• **TASK DETAILS**
Give the listing again character for character, but drop the images.

• **DATA SEGMENT**
# # # #

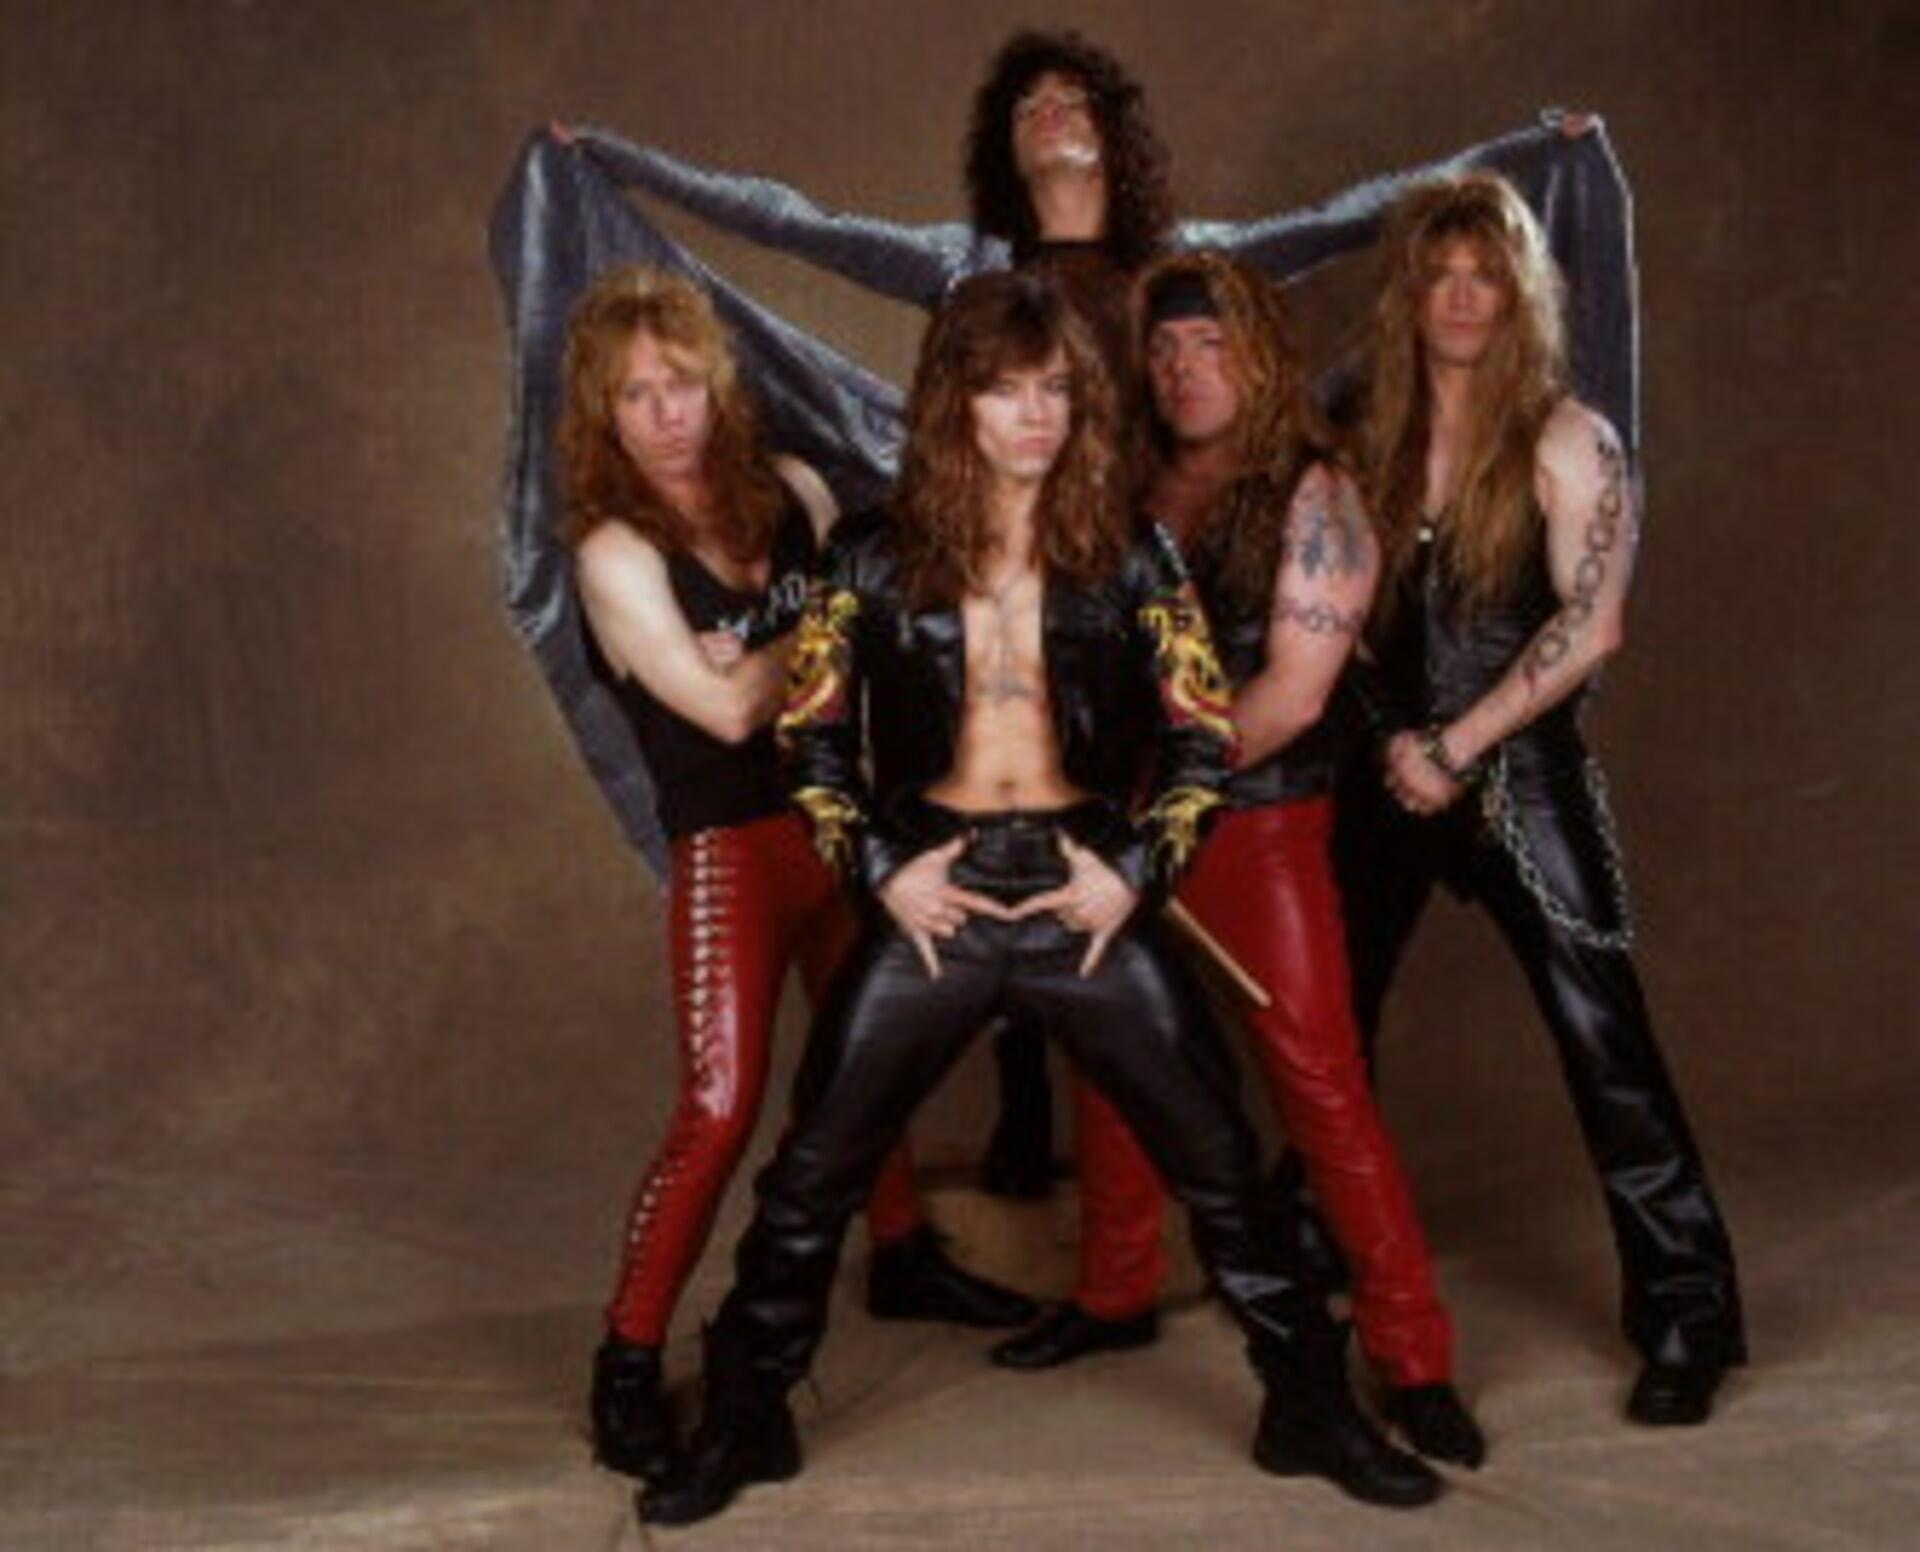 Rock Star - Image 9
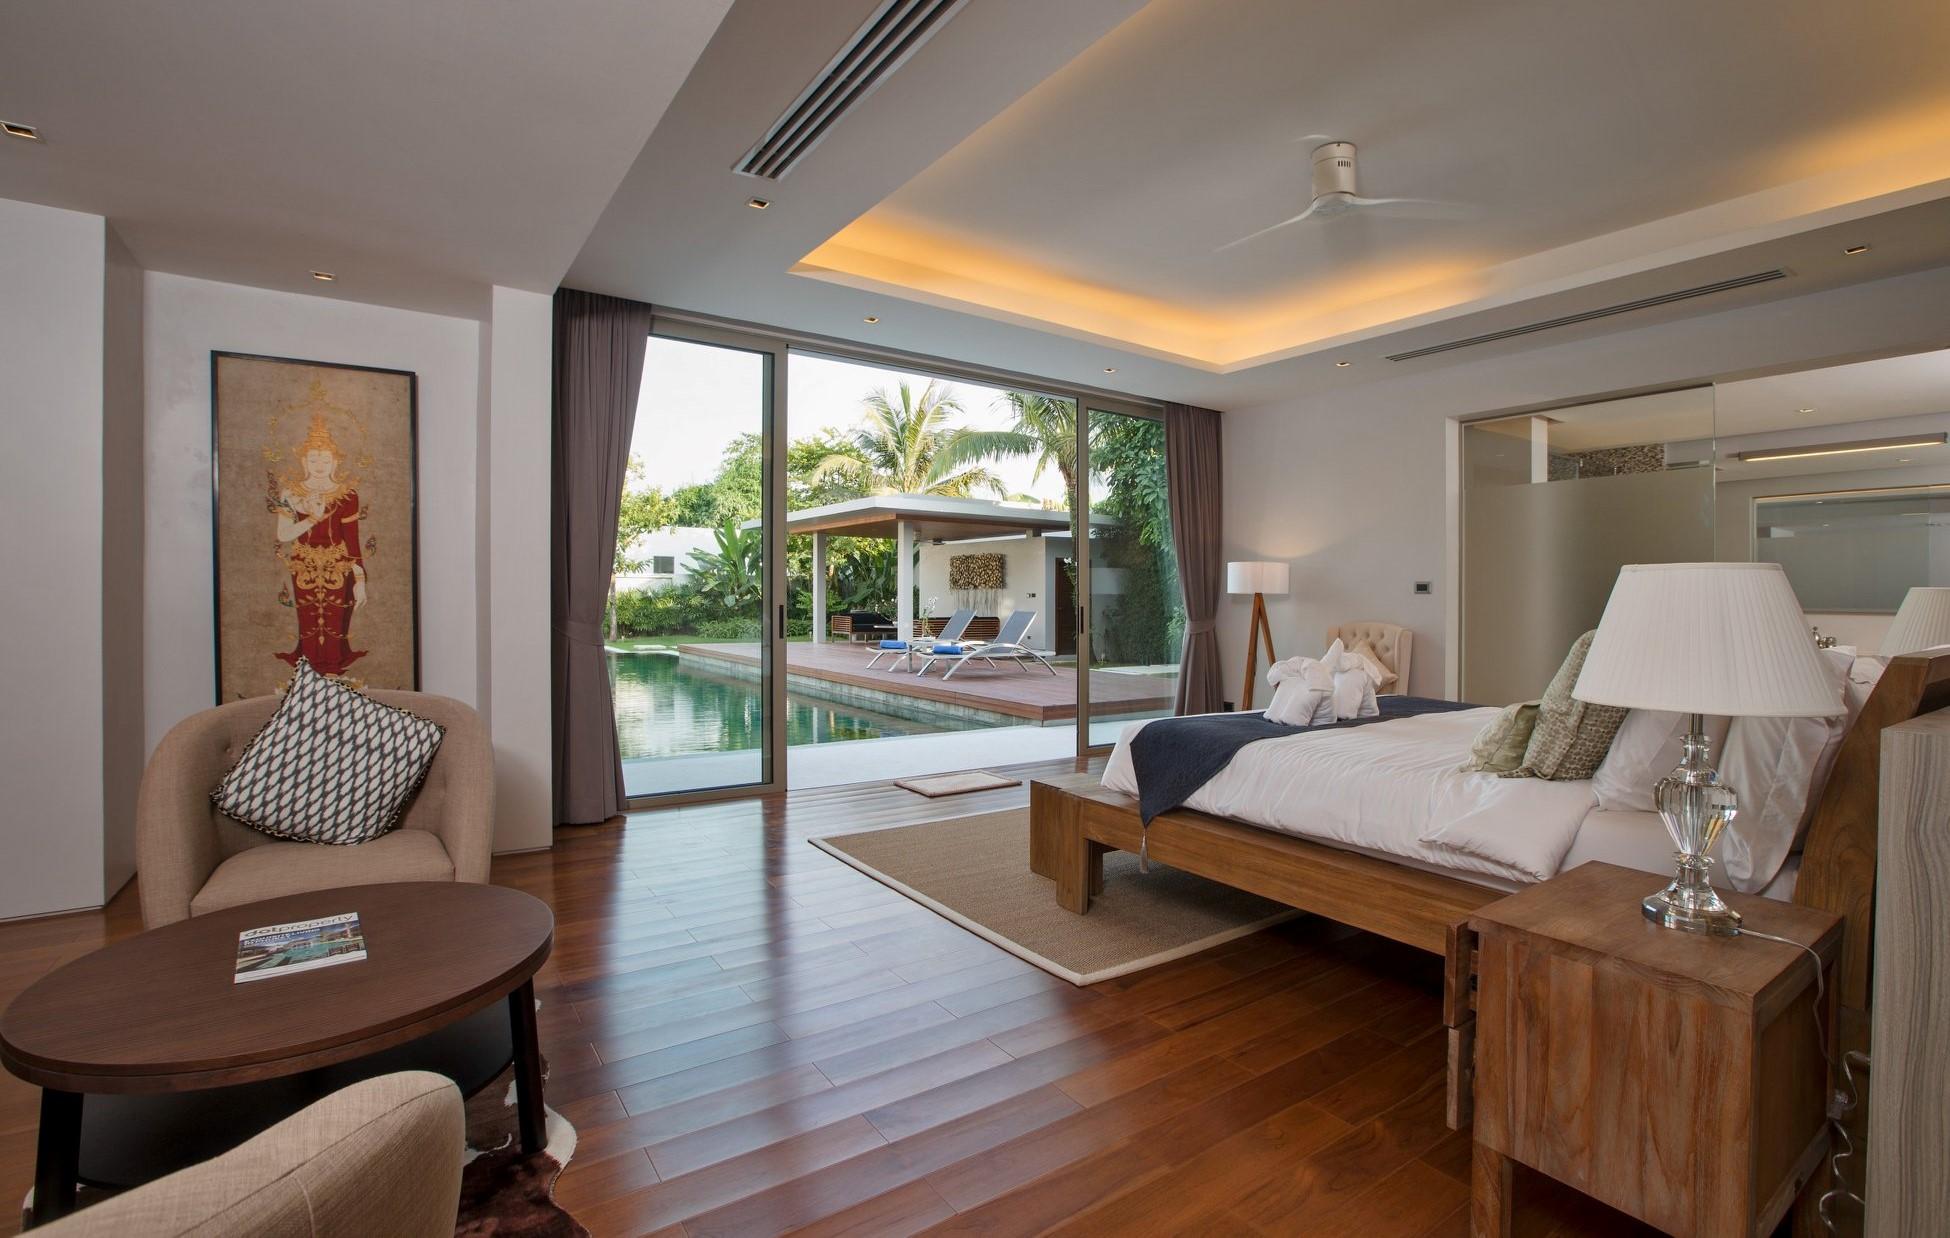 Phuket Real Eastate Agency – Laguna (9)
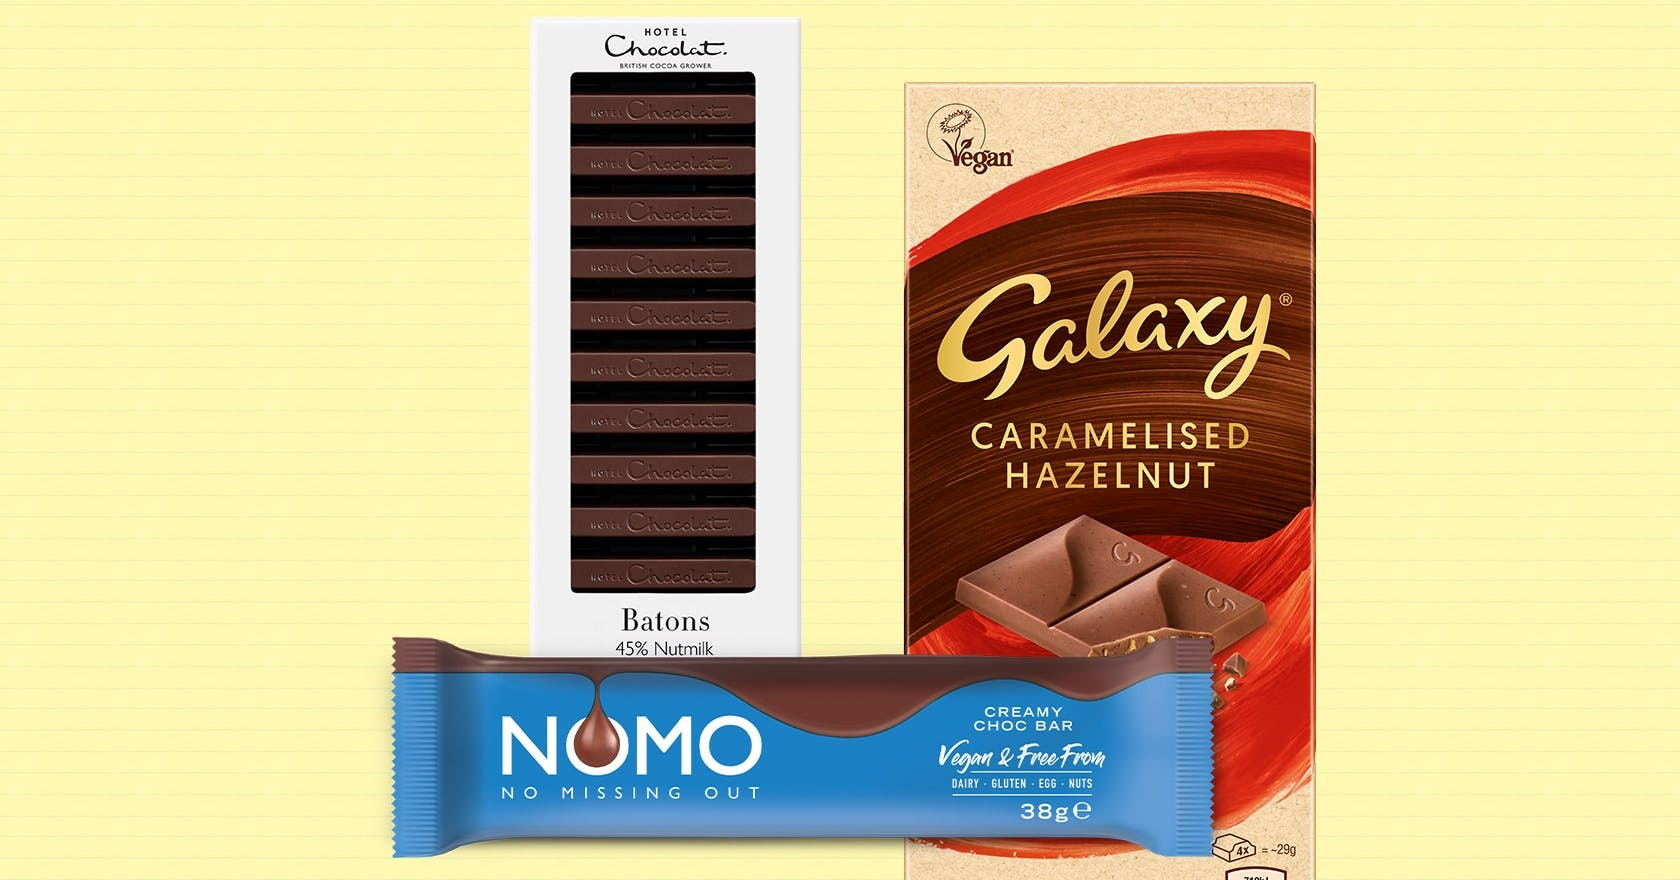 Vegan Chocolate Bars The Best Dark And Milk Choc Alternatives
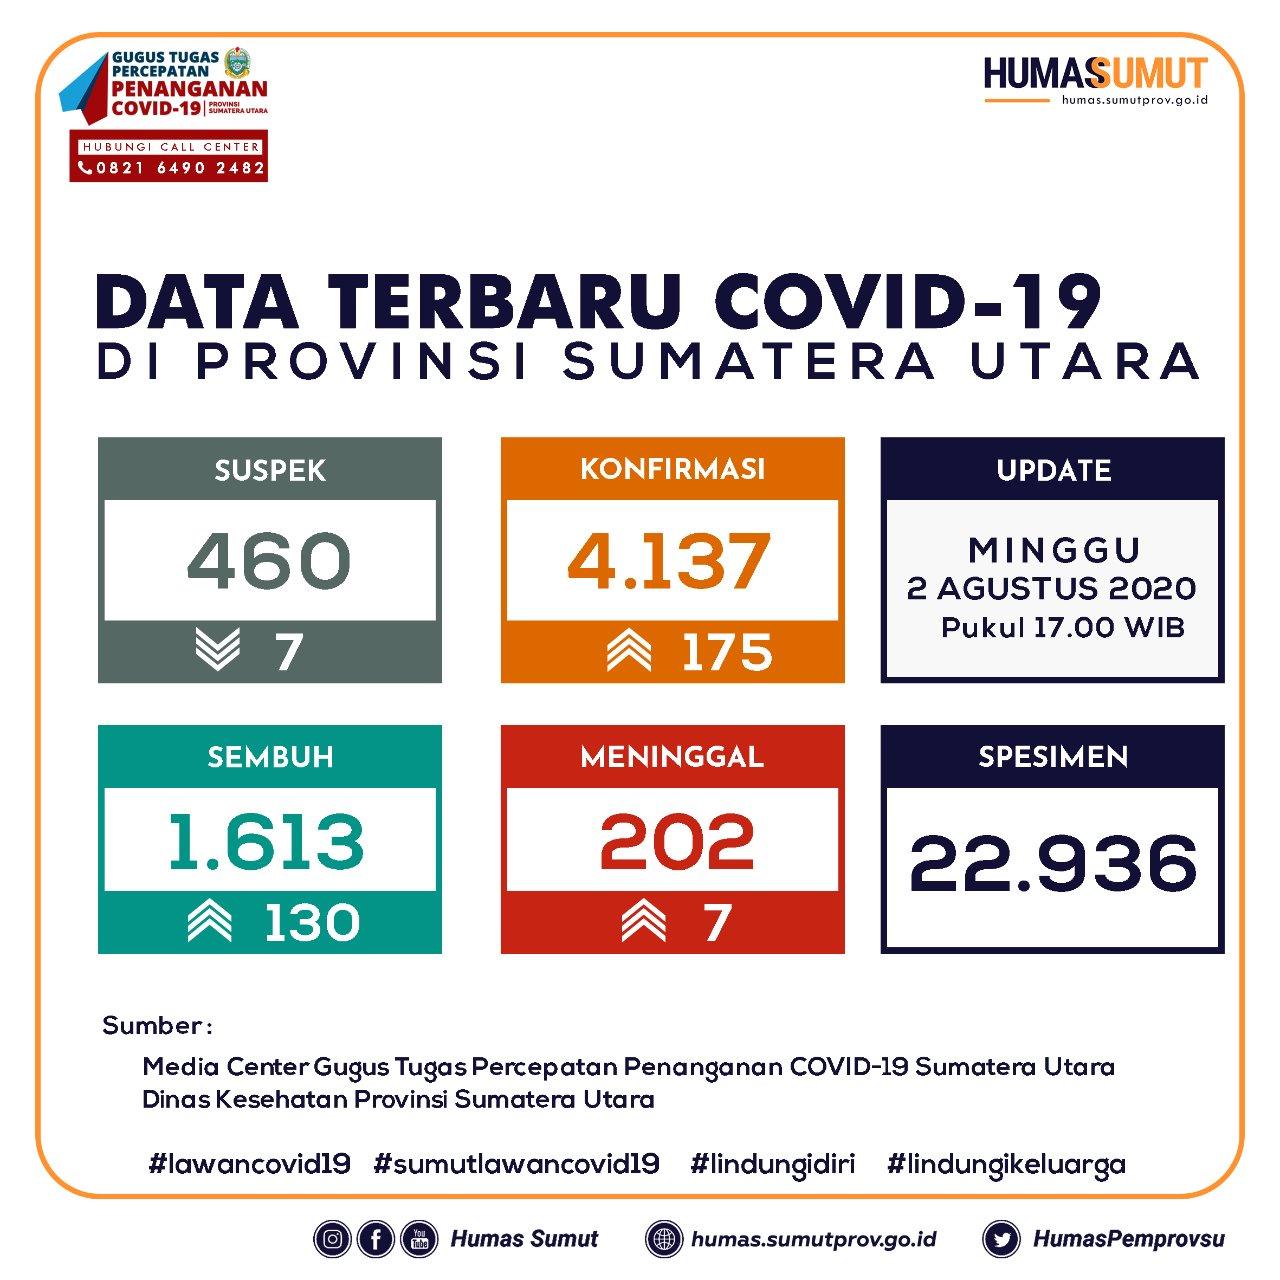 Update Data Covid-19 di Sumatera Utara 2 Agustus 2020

# # # #

• **OUTPUT OF THE EXERCISE**
 Rock Star - Image 9
 Phuket Real Eastate Agency – Laguna (9)
 Vegan Chocolate Bars The Best Dark And Milk Choc Alternatives
 Update Data Covid-19 di Sumatera Utara 2 Agustus 2020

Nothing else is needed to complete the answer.